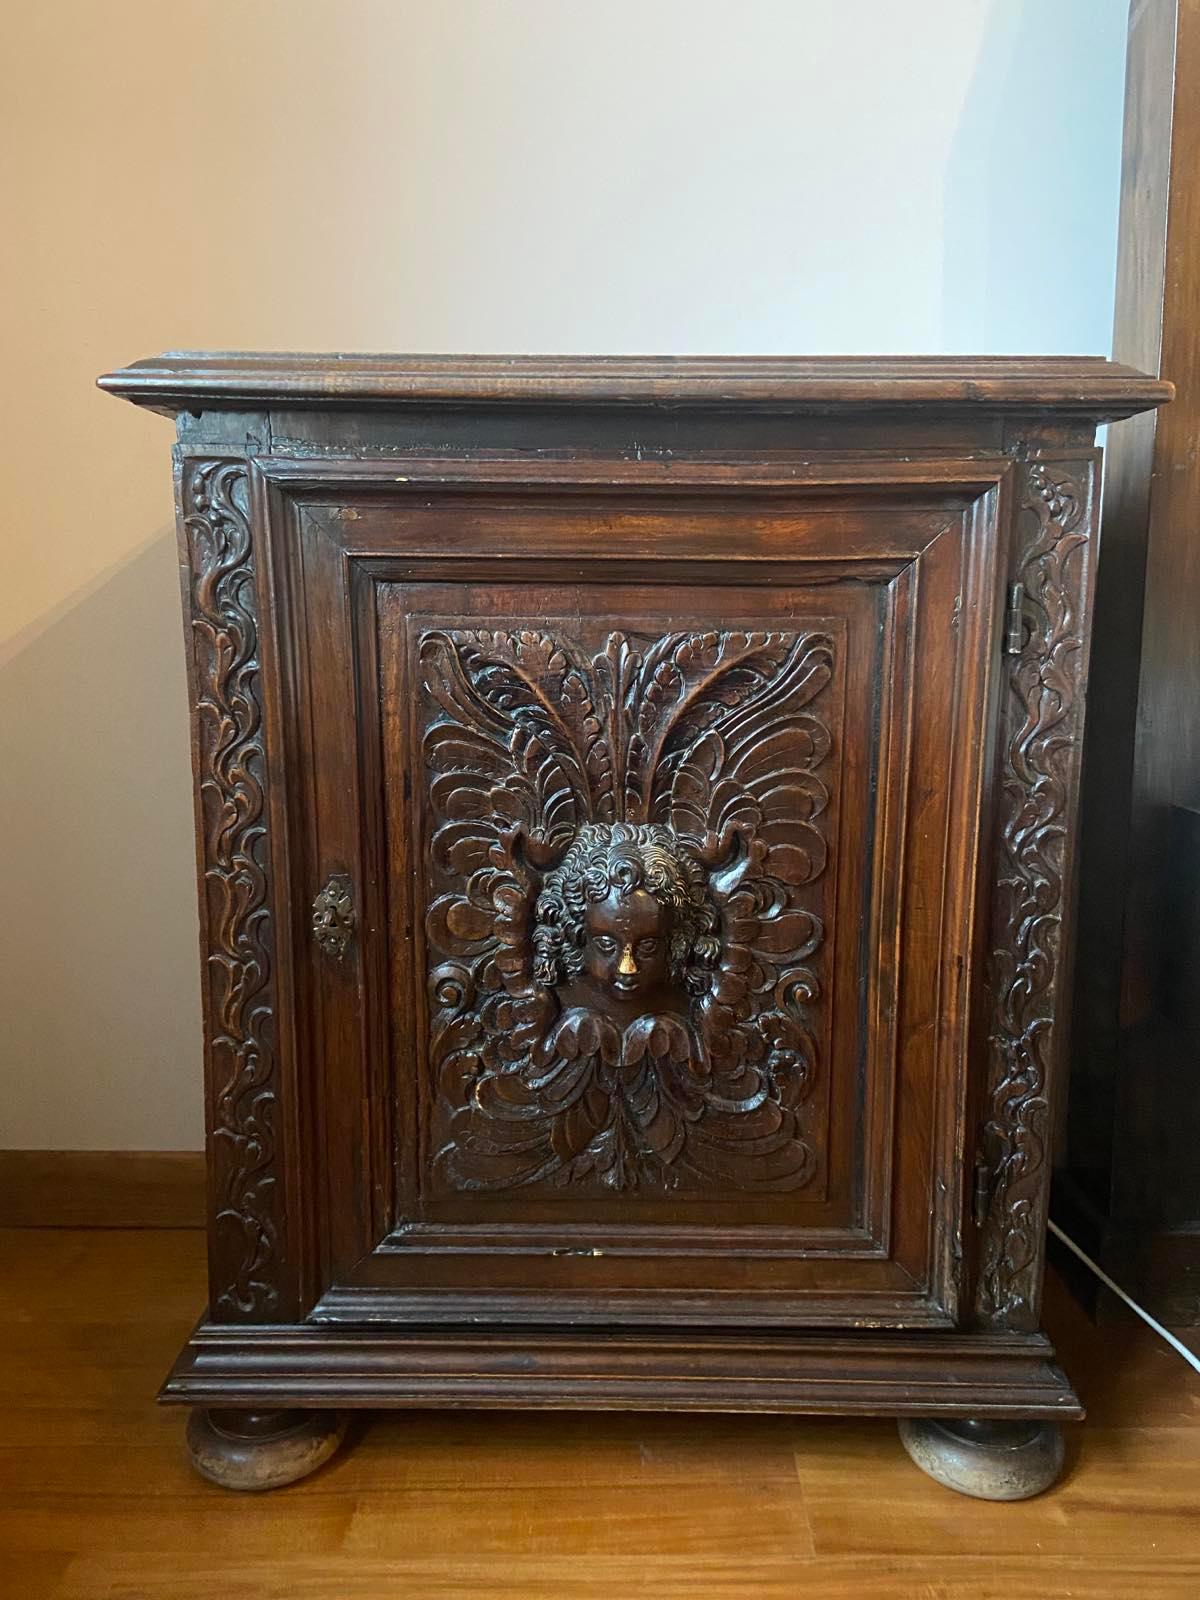 Rectangular support cabinet made of oak opening by a molded door carved with an angel's head in relief in an entourage of foliage scrolls, resting on balls feet.
France, Epoque 17th century
Measures: 85 x 71 x 38 cm.

→ **What you are asked to do**:
Type the material out again exactly. Skip the pictures.

→ **Expected answer**:
 Rectangular support cabinet made of oak opening by a molded door carved with an angel's head in relief in an entourage of foliage scrolls, resting on balls feet.
France, Epoque 17th century
Measures: 85 x 71 x 38 cm.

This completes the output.